• Action item: Only the lines from the one bearing "Assassins Creed 3D" through the end of the entries should be output, exactly as they stand, and pictures should be skipped.

+--

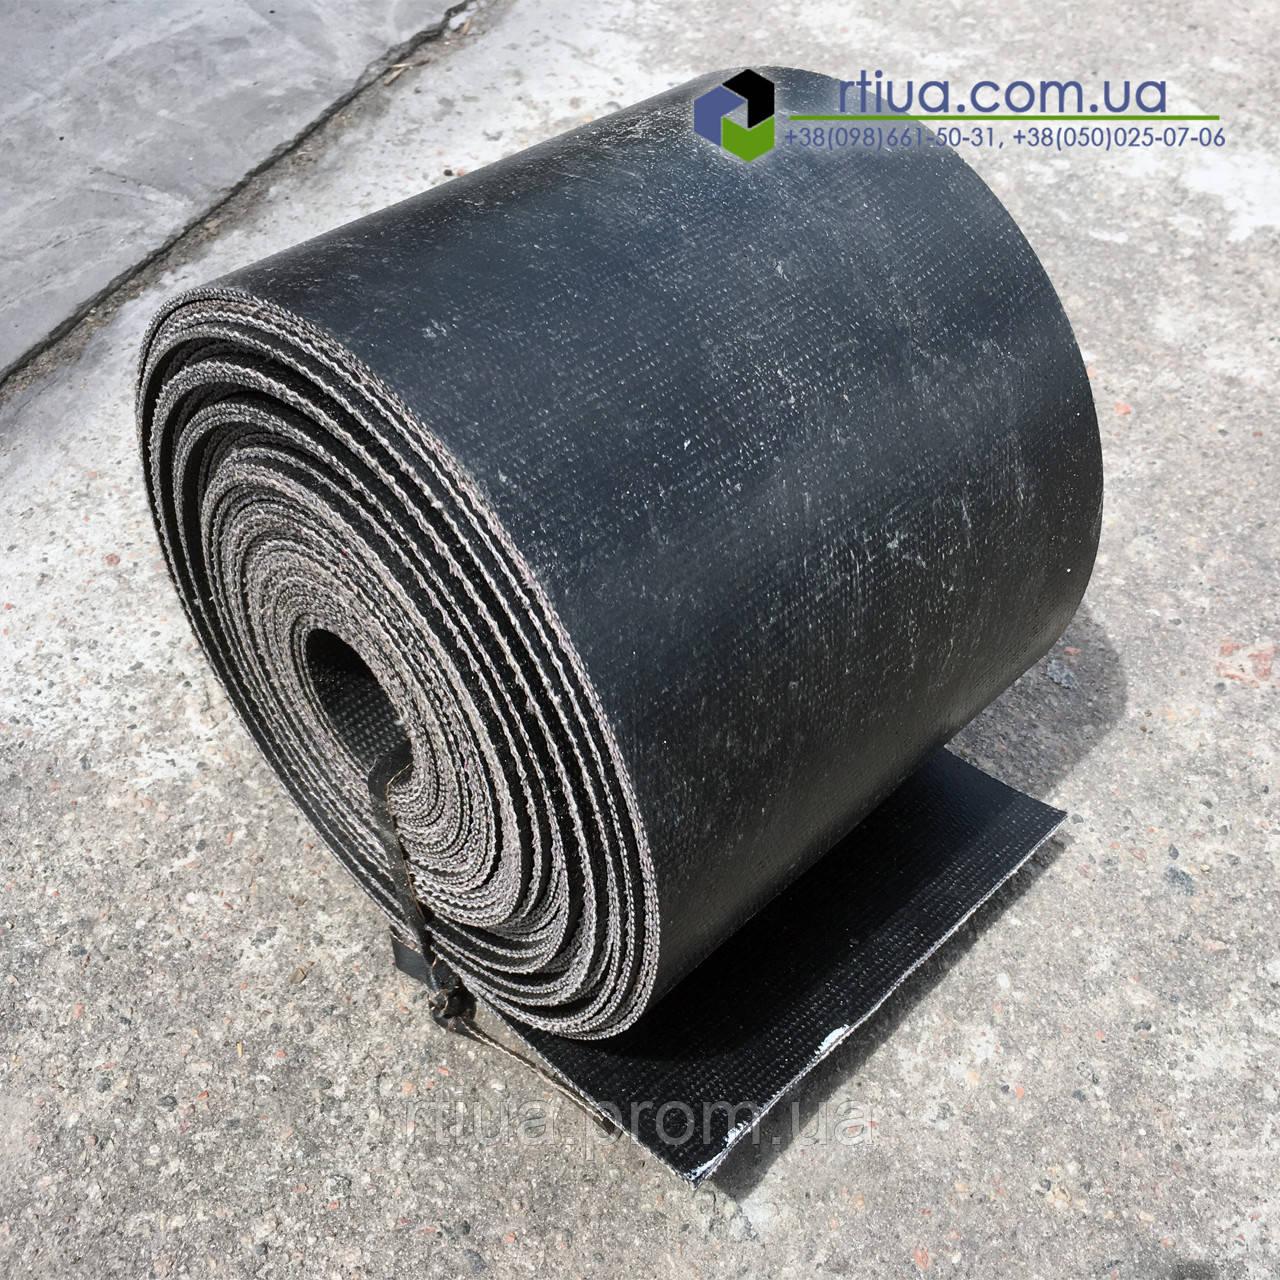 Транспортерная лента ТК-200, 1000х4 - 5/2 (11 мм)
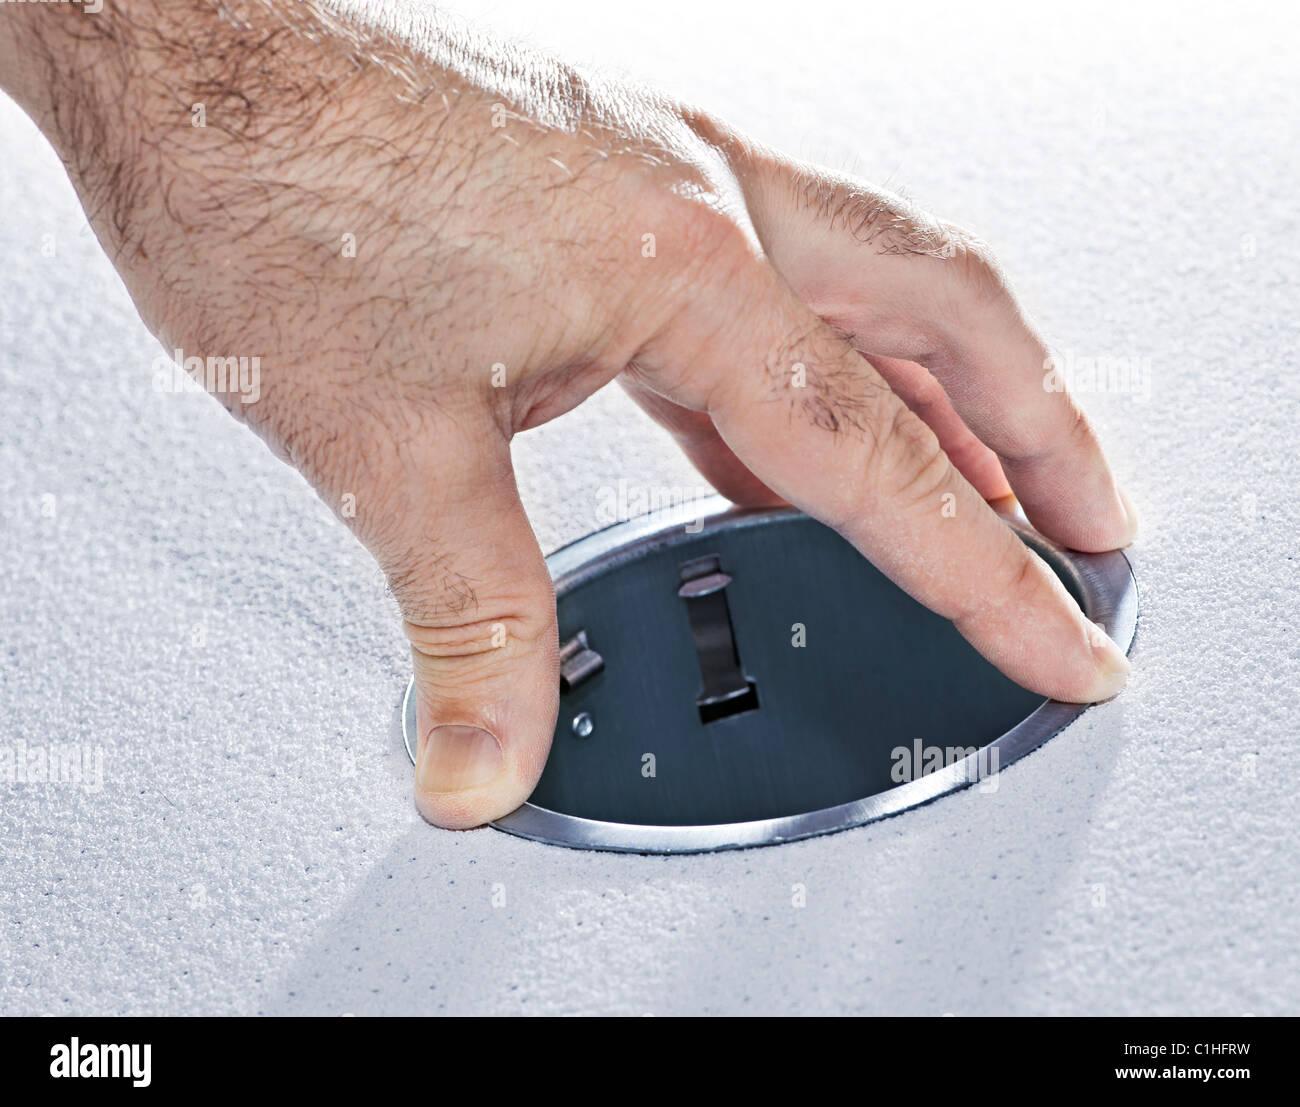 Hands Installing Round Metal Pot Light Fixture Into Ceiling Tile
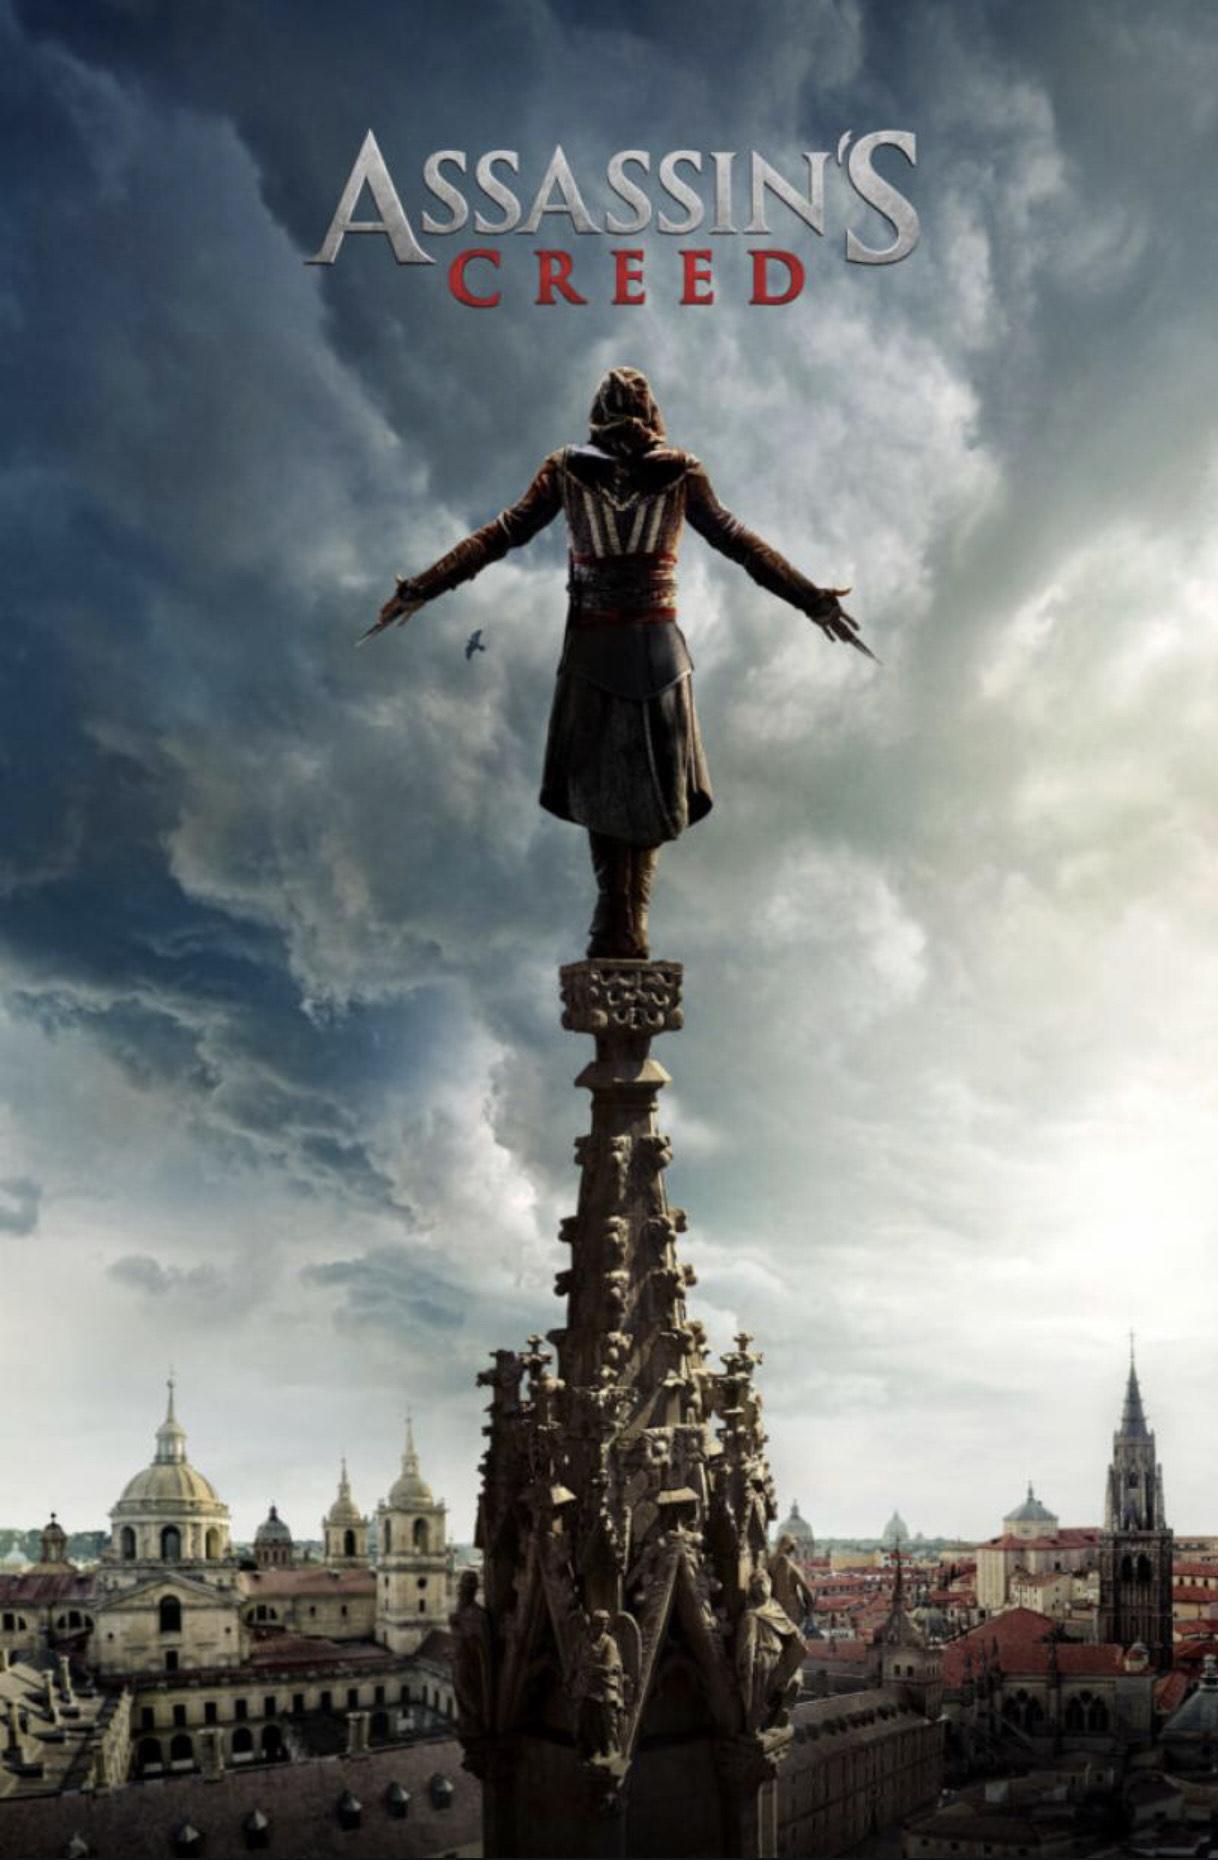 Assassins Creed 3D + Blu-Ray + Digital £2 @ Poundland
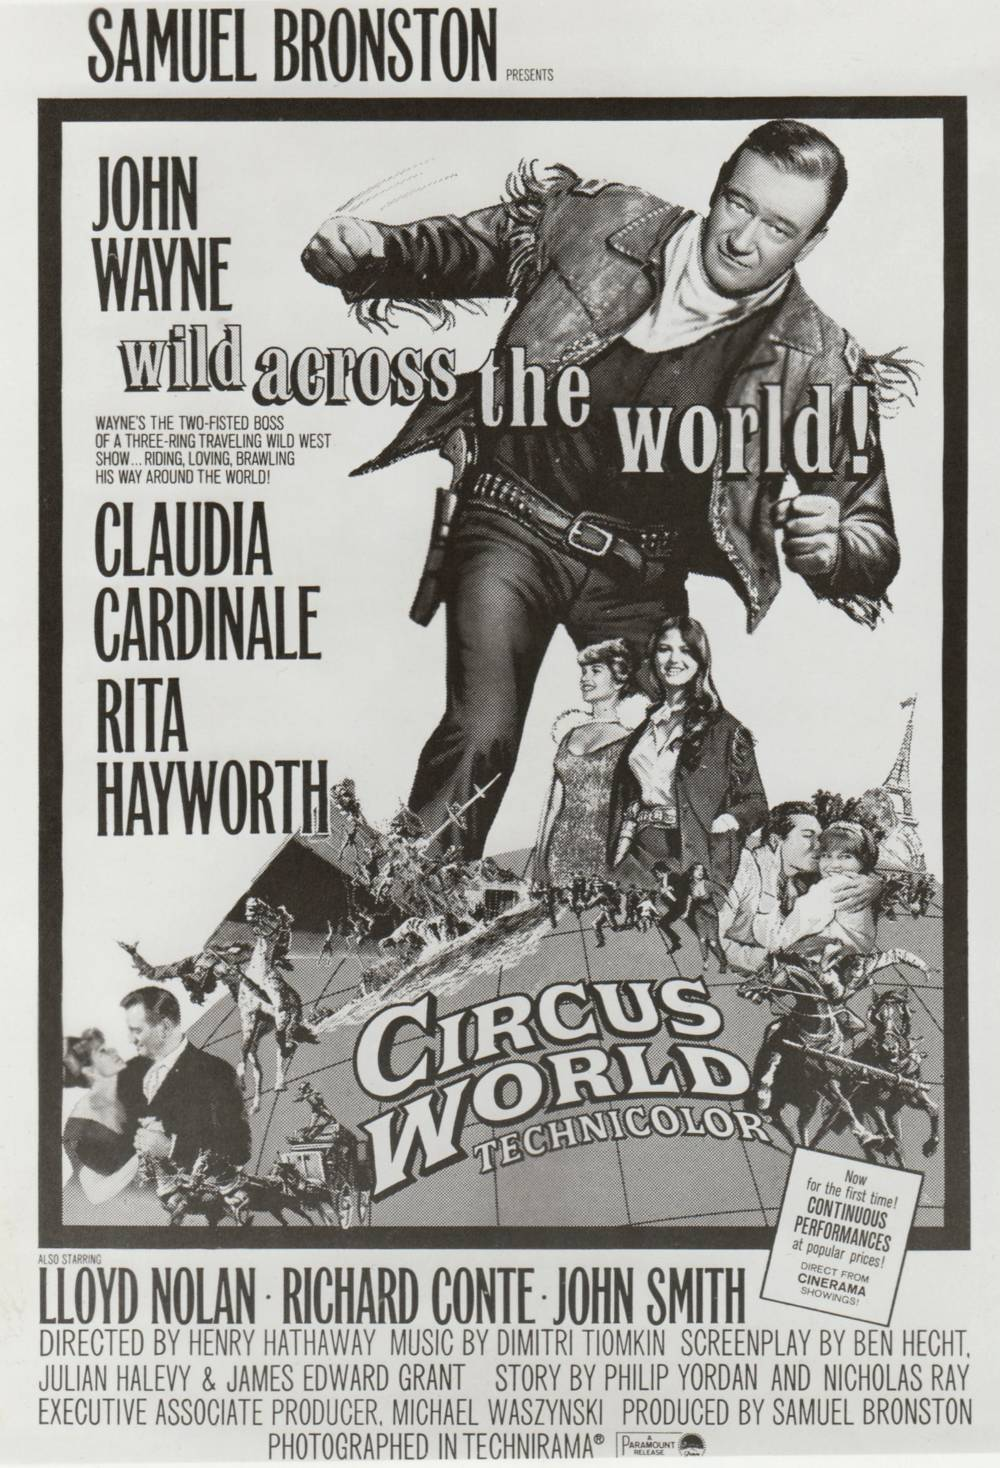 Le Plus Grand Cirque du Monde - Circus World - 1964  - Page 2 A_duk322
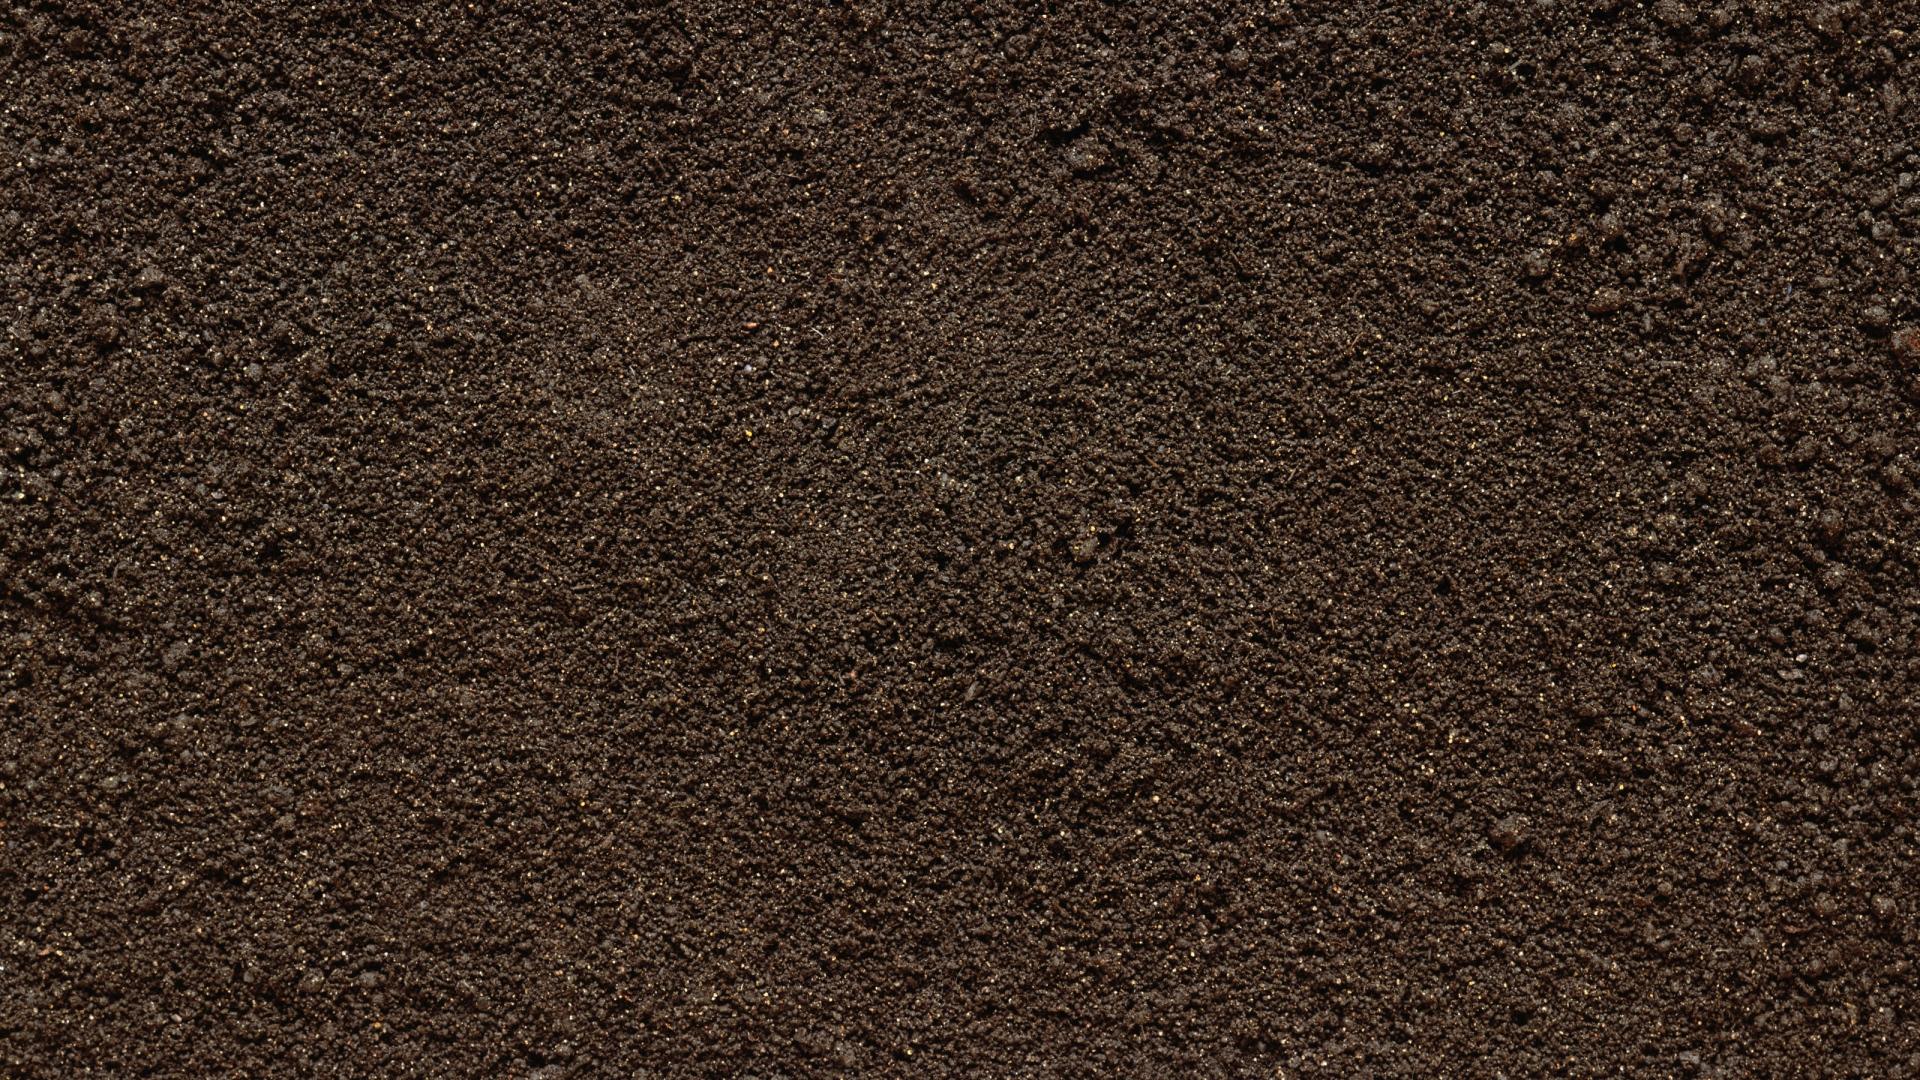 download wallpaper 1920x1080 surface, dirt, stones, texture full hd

+--

• Answer box:
 Assassins Creed 3D + Blu-Ray + Digital £2 @ Poundland
 Le Plus Grand Cirque du Monde - Circus World - 1964  - Page 2 A_duk322
 download wallpaper 1920x1080 surface, dirt, stones, texture full hd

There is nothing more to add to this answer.